We have spoken to two attorneys one has said the same as yours that the L1 is worth a try but no guarantee. The other said that our only real way is the E2 however as this never leads to permanent residency it's not the preferred option. We have not had any staff previously but I think the issue will be who will manage the UK business if we are in the US ?


----------



## EVHB (Feb 11, 2008)

If you would like to take the L1 route, you will have to hire a 'manager' for your UK business, as you will have to keep that business running (otherwhise it is not an intra company transfert anymore), and as far as I am aware, they don't allow you to run the UK business from a distance.


----------



## tonydeo (Jun 14, 2012)

Is there a stipulation in how many people you need working within the uk company or will just hiring a manager suffice.


----------



## Pinkjellybean (Aug 5, 2011)

Hi,

My husband and I owned at IT consultancy firm in the UK. We looked into expanding into the US, we also had the same worries with both the L1 and E2 visas. L1 was too risky as the company was too small in the UK and E2 wasn't permanent! In then end my husband was offered a job and sponsorship (H1B visa) leading to a green card (even if it does take forever!). Have you thought about that route?


----------



## tonydeo (Jun 14, 2012)

Have thought about it but have had difficulty getting a job and the way the markets are at the moment it would probably be impossible getting the right job.

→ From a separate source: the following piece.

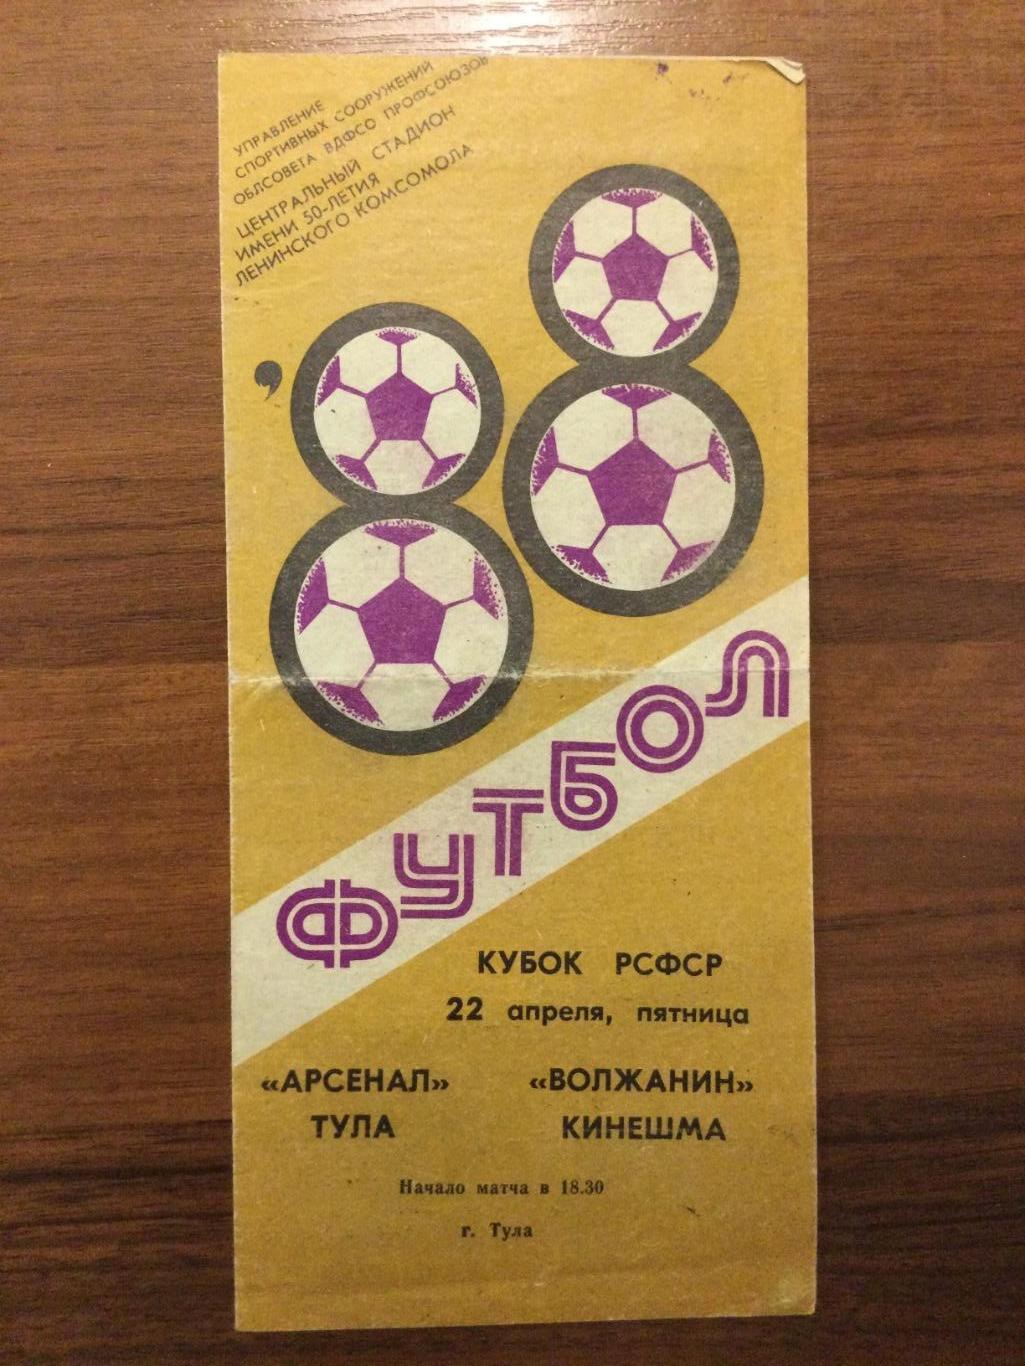 Арсенал Тула - Волжанин Кинешма - 1988 Кубок РСФСР

I don't want to lose what I have built up in the UK. 

I suppose I was hoping that someone in my position had made it across the pond on a L1. We don't like the uncertainty of no green card.


----------



## twostep (Apr 3, 2008)

I see no inter company transfer of management in a two-man shop.


----------



## lizzie anne (May 15, 2012)

Do you know how many employees / size of business there need to be to fulfil the L1 requirements? We are considering a merger with a friends company - he has 4 full time employees.


----------